§ **Task to complete**
Return the following from the records below: each line, word for word, starting with the line that contains "D:\упражнения в бассейне" and going on through the line that contains "伝統的特性あいまい無添加 炭酸パック(コラーゲン1枚+フルーツ1枚)", with nothing outside that range.

--

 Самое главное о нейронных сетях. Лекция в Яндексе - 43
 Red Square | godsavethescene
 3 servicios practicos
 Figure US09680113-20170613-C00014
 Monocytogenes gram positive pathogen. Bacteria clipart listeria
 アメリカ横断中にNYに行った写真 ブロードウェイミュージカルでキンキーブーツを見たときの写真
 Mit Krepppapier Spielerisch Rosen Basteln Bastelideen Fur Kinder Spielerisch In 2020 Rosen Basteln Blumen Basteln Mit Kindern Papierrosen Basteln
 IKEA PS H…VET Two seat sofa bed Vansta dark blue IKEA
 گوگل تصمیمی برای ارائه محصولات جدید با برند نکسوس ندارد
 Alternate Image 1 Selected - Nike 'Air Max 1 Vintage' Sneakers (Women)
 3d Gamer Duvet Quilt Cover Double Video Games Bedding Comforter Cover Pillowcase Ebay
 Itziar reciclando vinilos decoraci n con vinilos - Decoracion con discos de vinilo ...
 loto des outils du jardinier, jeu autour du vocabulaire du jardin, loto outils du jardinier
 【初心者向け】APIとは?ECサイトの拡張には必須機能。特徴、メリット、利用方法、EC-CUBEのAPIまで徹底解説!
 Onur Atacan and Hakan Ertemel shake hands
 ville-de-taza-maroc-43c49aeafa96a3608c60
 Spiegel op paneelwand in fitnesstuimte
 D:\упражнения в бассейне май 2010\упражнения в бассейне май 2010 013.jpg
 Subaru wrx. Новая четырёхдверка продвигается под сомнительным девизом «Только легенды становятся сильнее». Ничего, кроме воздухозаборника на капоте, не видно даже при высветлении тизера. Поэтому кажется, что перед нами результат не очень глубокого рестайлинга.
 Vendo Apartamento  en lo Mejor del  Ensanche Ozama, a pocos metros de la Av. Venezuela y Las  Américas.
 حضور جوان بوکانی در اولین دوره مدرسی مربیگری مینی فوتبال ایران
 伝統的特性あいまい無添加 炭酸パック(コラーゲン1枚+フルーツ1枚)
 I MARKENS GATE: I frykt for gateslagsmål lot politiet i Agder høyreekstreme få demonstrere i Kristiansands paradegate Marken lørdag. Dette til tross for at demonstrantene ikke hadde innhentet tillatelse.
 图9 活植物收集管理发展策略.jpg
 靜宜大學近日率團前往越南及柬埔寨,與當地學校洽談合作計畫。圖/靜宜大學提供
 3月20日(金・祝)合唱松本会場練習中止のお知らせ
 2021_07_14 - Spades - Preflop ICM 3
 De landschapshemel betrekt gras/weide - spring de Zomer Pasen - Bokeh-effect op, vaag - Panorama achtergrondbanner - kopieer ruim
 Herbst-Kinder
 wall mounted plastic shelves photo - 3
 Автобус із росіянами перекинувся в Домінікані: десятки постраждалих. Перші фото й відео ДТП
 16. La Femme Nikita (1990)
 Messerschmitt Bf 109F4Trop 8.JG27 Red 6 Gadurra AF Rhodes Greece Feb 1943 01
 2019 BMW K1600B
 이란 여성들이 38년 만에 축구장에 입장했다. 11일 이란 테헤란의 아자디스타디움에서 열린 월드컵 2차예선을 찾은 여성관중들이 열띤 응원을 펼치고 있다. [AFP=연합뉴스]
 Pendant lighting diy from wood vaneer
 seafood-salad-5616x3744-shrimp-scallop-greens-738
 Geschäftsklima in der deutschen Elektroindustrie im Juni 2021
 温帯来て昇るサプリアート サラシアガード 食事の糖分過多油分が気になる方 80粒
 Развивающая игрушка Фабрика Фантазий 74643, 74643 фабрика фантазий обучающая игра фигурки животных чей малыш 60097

--

§ **Solution to this problem**
 D:\упражнения в бассейне май 2010\упражнения в бассейне май 2010 013.jpg
 Subaru wrx. Новая четырёхдверка продвигается под сомнительным девизом «Только легенды становятся сильнее». Ничего, кроме воздухозаборника на капоте, не видно даже при высветлении тизера. Поэтому кажется, что перед нами результат не очень глубокого рестайлинга.
 Vendo Apartamento  en lo Mejor del  Ensanche Ozama, a pocos metros de la Av. Venezuela y Las  Américas.
 حضور جوان بوکانی در اولین دوره مدرسی مربیگری مینی فوتبال ایران
 伝統的特性あいまい無添加 炭酸パック(コラーゲン1枚+フルーツ1枚)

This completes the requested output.